All of the entries should be written out again exactly.
BEGIN Provided entries
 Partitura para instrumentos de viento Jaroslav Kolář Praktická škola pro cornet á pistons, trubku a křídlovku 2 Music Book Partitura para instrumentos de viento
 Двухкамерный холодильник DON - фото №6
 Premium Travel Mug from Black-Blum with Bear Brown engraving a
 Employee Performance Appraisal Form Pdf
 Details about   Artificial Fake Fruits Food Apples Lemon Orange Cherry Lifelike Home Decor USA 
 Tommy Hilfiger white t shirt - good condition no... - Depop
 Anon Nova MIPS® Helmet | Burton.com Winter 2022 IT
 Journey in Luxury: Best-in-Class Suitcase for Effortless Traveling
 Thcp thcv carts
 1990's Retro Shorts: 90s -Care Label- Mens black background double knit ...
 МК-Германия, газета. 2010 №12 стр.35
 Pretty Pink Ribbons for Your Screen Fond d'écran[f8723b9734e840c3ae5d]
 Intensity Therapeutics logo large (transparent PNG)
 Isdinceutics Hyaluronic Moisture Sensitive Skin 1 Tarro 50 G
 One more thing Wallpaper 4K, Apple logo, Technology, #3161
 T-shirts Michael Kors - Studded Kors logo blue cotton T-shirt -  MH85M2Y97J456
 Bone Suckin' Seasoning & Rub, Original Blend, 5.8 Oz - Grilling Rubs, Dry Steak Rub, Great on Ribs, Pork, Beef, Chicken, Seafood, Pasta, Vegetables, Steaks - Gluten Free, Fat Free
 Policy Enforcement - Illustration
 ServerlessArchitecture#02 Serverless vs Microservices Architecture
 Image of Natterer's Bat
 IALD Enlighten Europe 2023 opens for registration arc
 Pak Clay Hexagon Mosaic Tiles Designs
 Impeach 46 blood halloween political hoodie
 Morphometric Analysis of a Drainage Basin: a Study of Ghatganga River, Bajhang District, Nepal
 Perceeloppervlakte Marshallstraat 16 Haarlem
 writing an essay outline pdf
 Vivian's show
END Provided entries
## Result of the exercise
 Partitura para instrumentos de viento Jaroslav Kolář Praktická škola pro cornet á pistons, trubku a křídlovku 2 Music Book Partitura para instrumentos de viento
 Двухкамерный холодильник DON - фото №6
 Premium Travel Mug from Black-Blum with Bear Brown engraving a
 Employee Performance Appraisal Form Pdf
 Details about   Artificial Fake Fruits Food Apples Lemon Orange Cherry Lifelike Home Decor USA 
 Tommy Hilfiger white t shirt - good condition no... - Depop
 Anon Nova MIPS® Helmet | Burton.com Winter 2022 IT
 Journey in Luxury: Best-in-Class Suitcase for Effortless Traveling
 Thcp thcv carts
 1990's Retro Shorts: 90s -Care Label- Mens black background double knit ...
 МК-Германия, газета. 2010 №12 стр.35
 Pretty Pink Ribbons for Your Screen Fond d'écran[f8723b9734e840c3ae5d]
 Intensity Therapeutics logo large (transparent PNG)
 Isdinceutics Hyaluronic Moisture Sensitive Skin 1 Tarro 50 G
 One more thing Wallpaper 4K, Apple logo, Technology, #3161
 T-shirts Michael Kors - Studded Kors logo blue cotton T-shirt -  MH85M2Y97J456
 Bone Suckin' Seasoning & Rub, Original Blend, 5.8 Oz - Grilling Rubs, Dry Steak Rub, Great on Ribs, Pork, Beef, Chicken, Seafood, Pasta, Vegetables, Steaks - Gluten Free, Fat Free
 Policy Enforcement - Illustration
 ServerlessArchitecture#02 Serverless vs Microservices Architecture
 Image of Natterer's Bat
 IALD Enlighten Europe 2023 opens for registration arc
 Pak Clay Hexagon Mosaic Tiles Designs
 Impeach 46 blood halloween political hoodie
 Morphometric Analysis of a Drainage Basin: a Study of Ghatganga River, Bajhang District, Nepal
 Perceeloppervlakte Marshallstraat 16 Haarlem
 writing an essay outline pdf
 Vivian's show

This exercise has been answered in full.